The Jukola Relay is an orienteering relay race held annually in Finland since 1949. Jukola is the biggest orienteering relay event in the world. The race takes place on a Saturday between the 13th and 19th of June in different sites around Finland. The northernmost location has been 50 km north of the Arctic Circle. The name Jukola is a family name in the classic Finnish novel, "Seven Brothers". The women's relay, known as the Venla Relay, is a daytime race on the Saturday afternoon. It is named after the main female character from the novel.

The Jukola relay has seven legs with distances varying from 7 to 15 km. The starting time is around 11 pm when the sun sets. Runners for the first three legs usually wear headlights, depending on the geographical site (north or south of Finland) of the relay and the weather conditions. The winning team crosses the finishing line early on Sunday morning, around 6 or 7 am, and the last teams finish just before the finish is closed in the afternoon. Women can participate in the Jukola relay in non-official teams (non-sports club teams, like company, family or other teams).

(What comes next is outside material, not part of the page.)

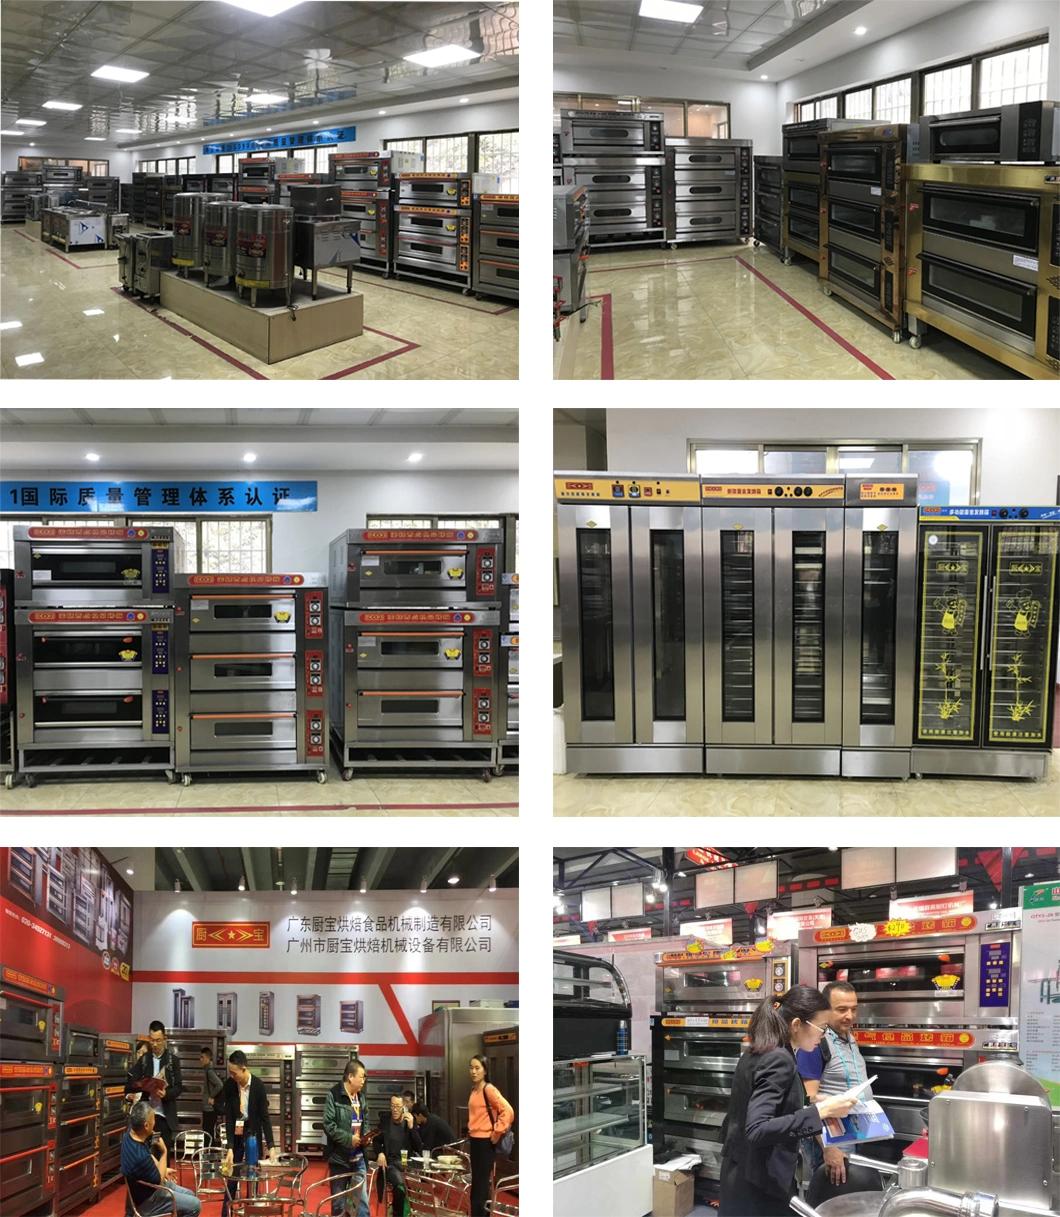 Commercial Restaurant Kitchen 3 Deck 6 Trays Electric Oven with Computer Controller for of Baking Equipment Bakery Machinery Food Machine

For the women, an individual race with a mass start was organized in 1951. This was turned into a three leg relay race in 1978 and then a four leg relay race in 1981. 
In 2012 the Jukola relay attracted close to 1700 teams and the Venla relay more than 1250. Clubs from 20 different countries took part.

The "Kaukametsäläiset" association is the founder of the Jukola relay and it is also the owner of the rights to the Jukola event.

The Youth Jukola relay
Since 1986, a Jukola relay event for young orienteers has been organized as a separate event in August each year. The Youth Jukola relay is the world's most attended junior orienteering relay.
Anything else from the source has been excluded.